INFORMATION SHOWN ::
----------------

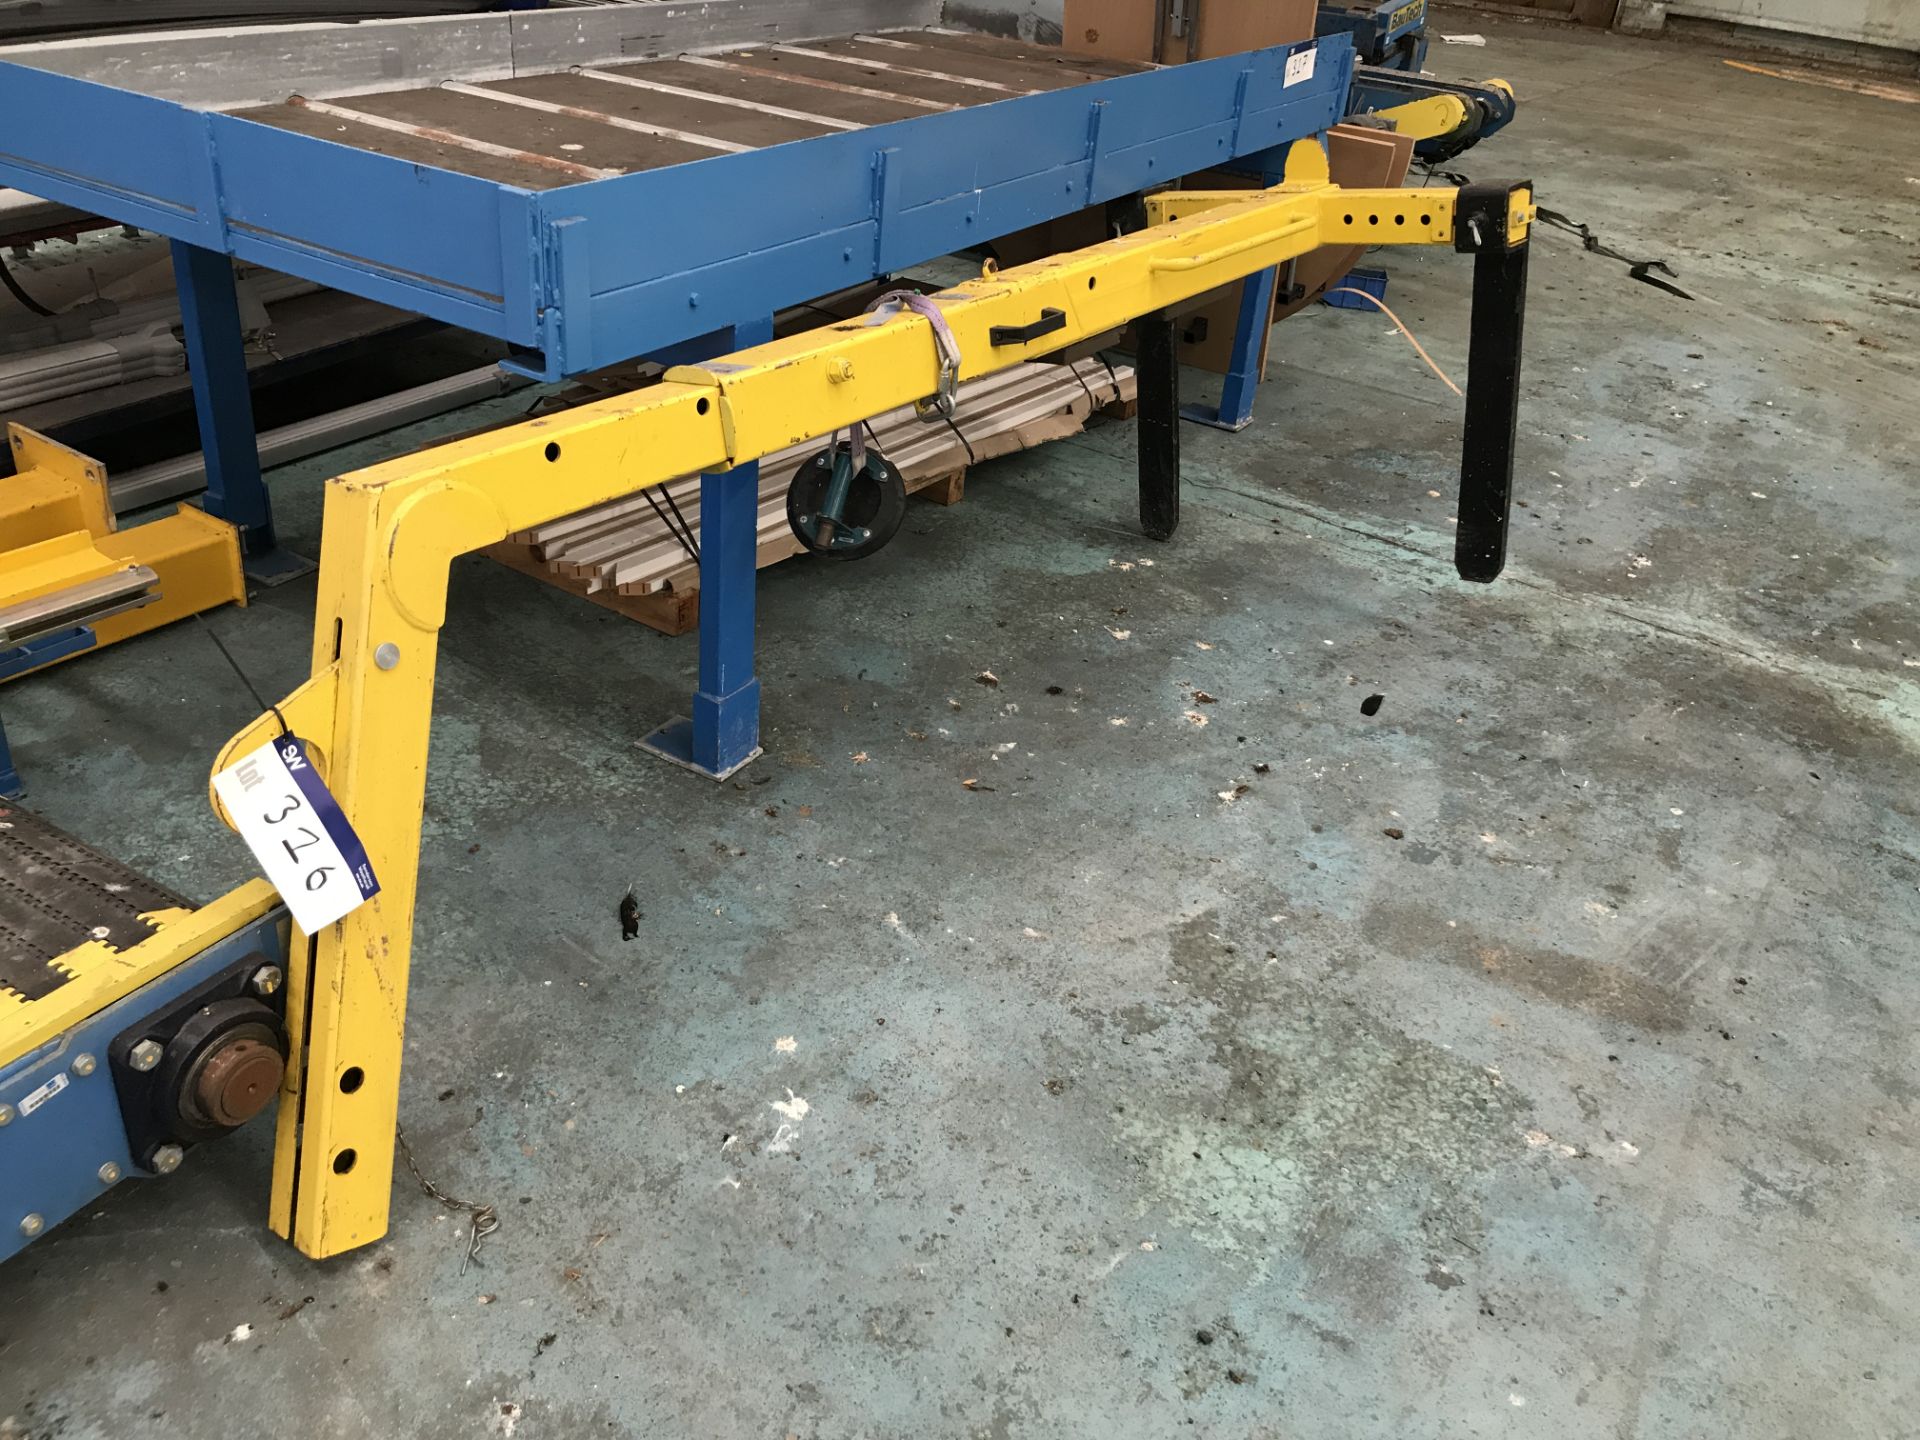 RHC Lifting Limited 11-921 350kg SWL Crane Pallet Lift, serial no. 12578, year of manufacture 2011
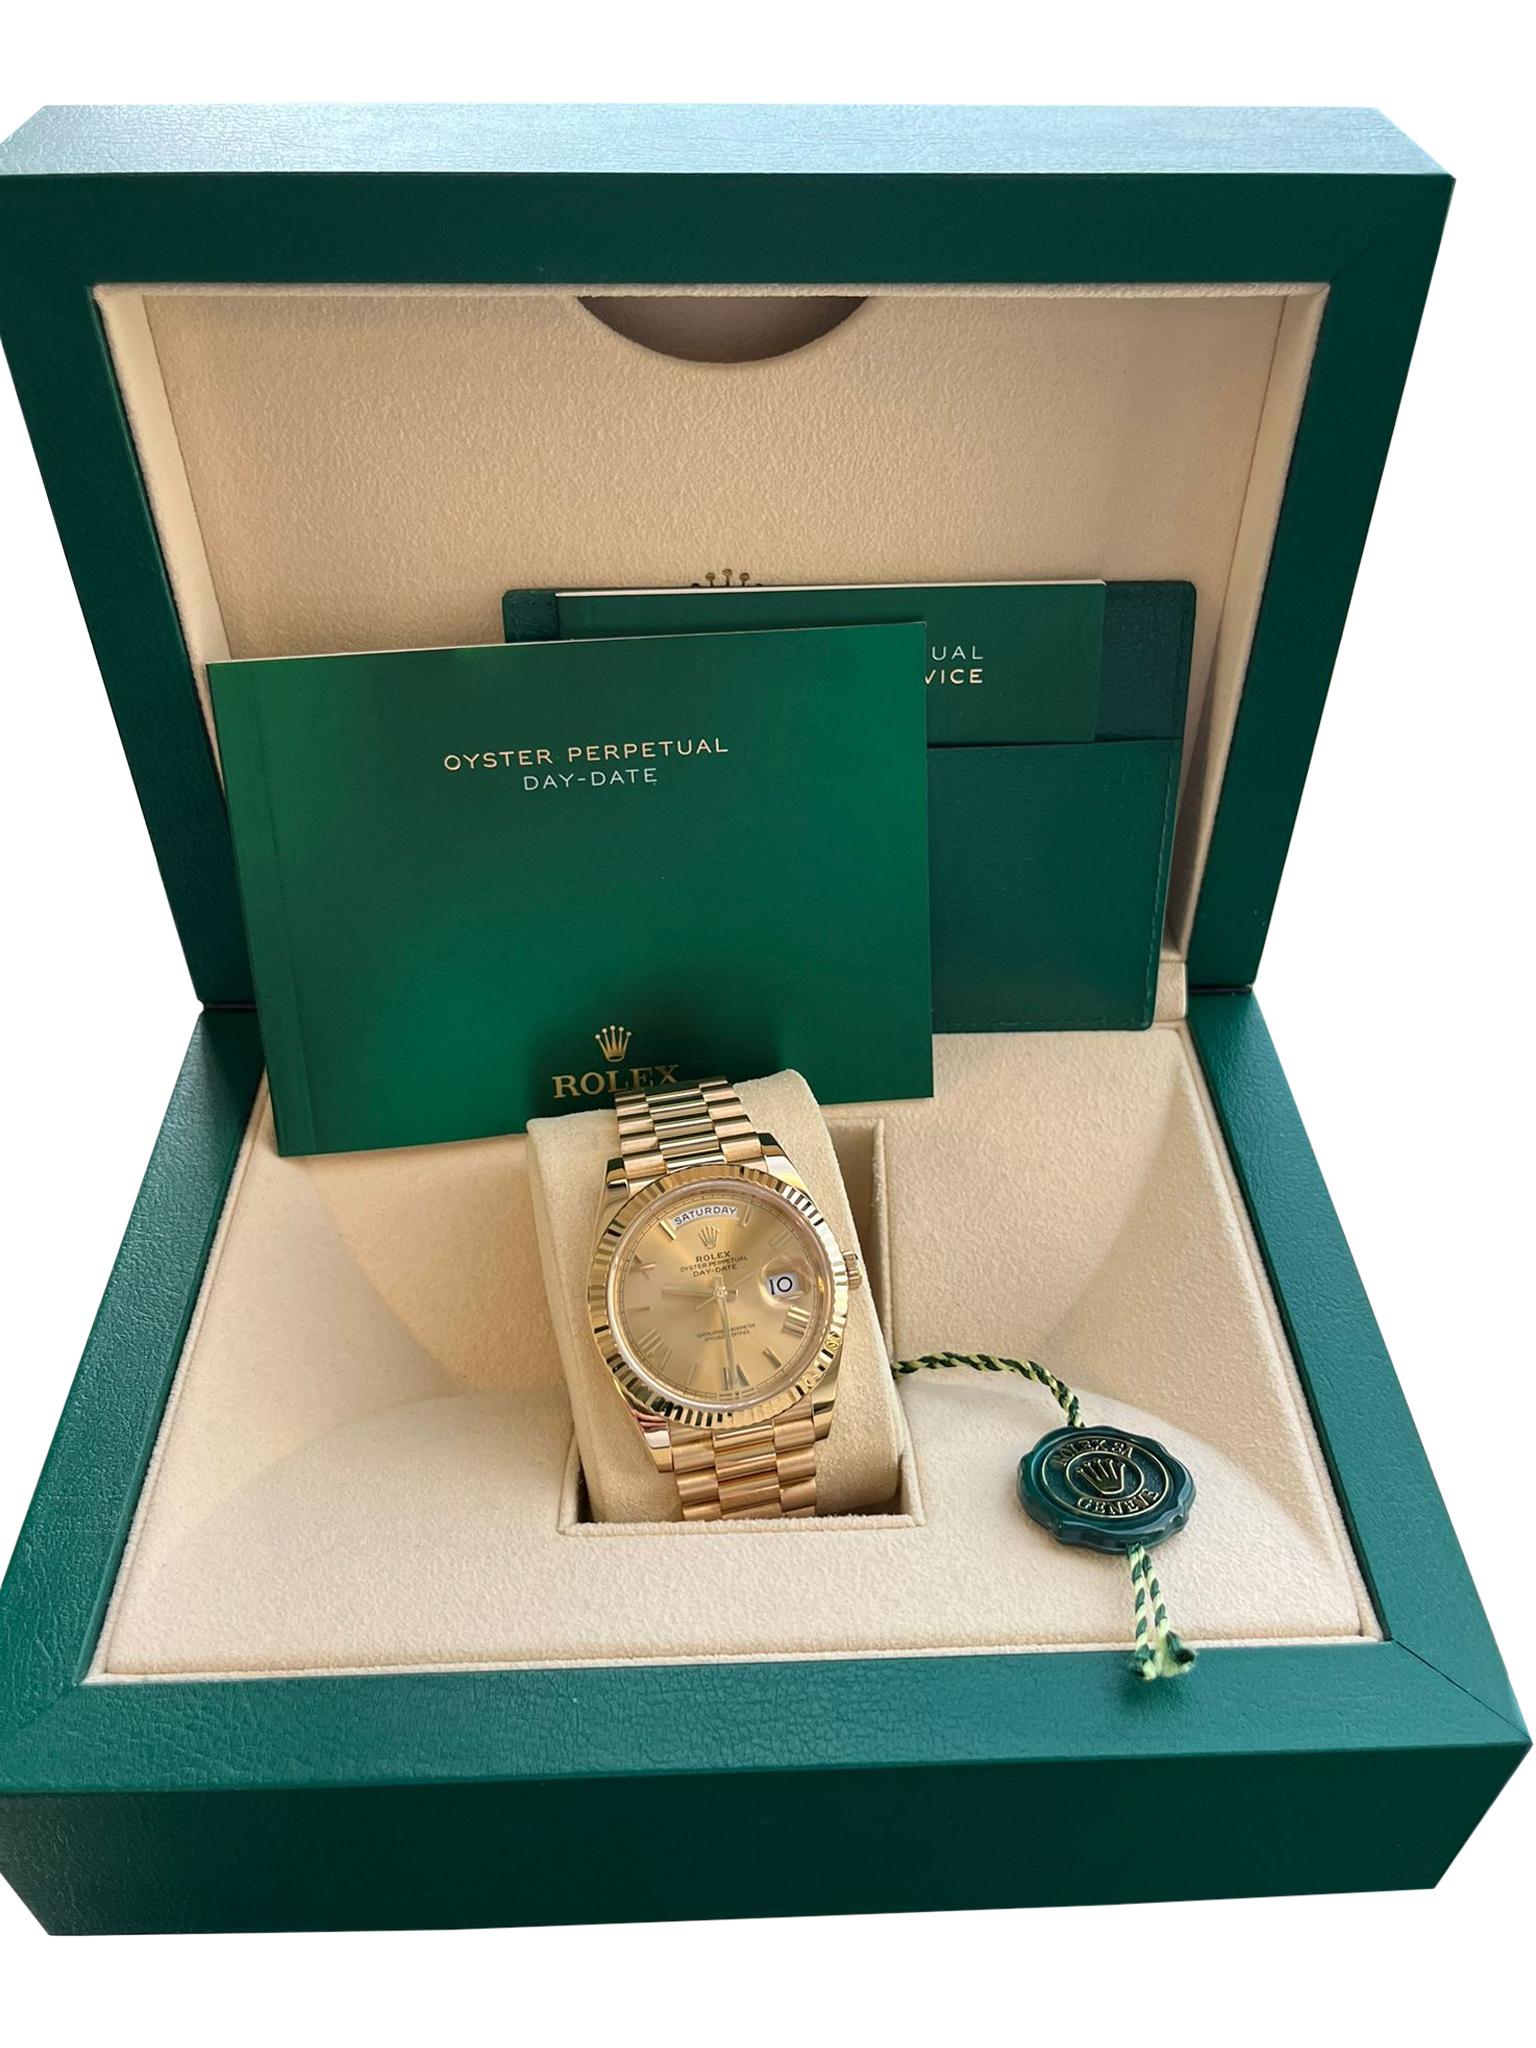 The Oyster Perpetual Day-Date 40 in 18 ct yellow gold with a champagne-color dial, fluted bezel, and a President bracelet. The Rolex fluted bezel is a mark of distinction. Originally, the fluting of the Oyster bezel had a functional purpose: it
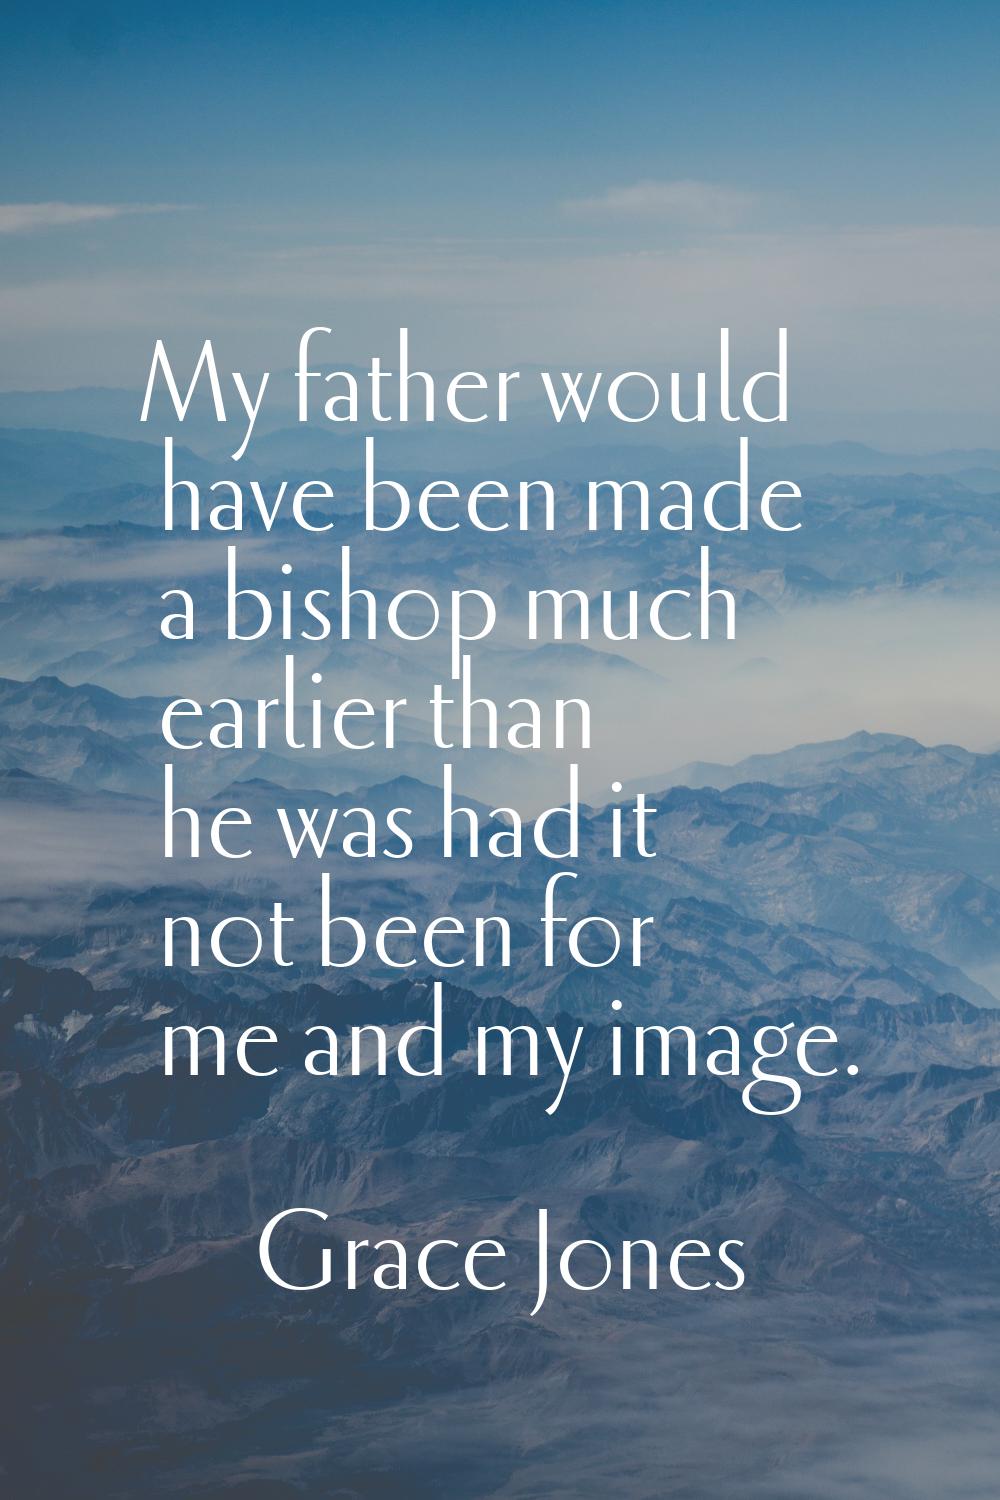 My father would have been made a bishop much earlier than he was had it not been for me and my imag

----------------

EXERCISE OBJECTIVE ::
Restate all of the material word for word. Keep out every picture.

TASK SOLUTION ::
 RHC Lifting Limited 11-921 350kg SWL Crane Pallet Lift, serial no. 12578, year of manufacture 2011
 The Oyster Perpetual Day-Date 40 in 18 ct yellow gold with a champagne-color dial, fluted bezel, and a President bracelet. The Rolex fluted bezel is a mark of distinction. Originally, the fluting of the Oyster bezel had a functional purpose: it
 My father would have been made a bishop much earlier than he was had it not been for me and my imag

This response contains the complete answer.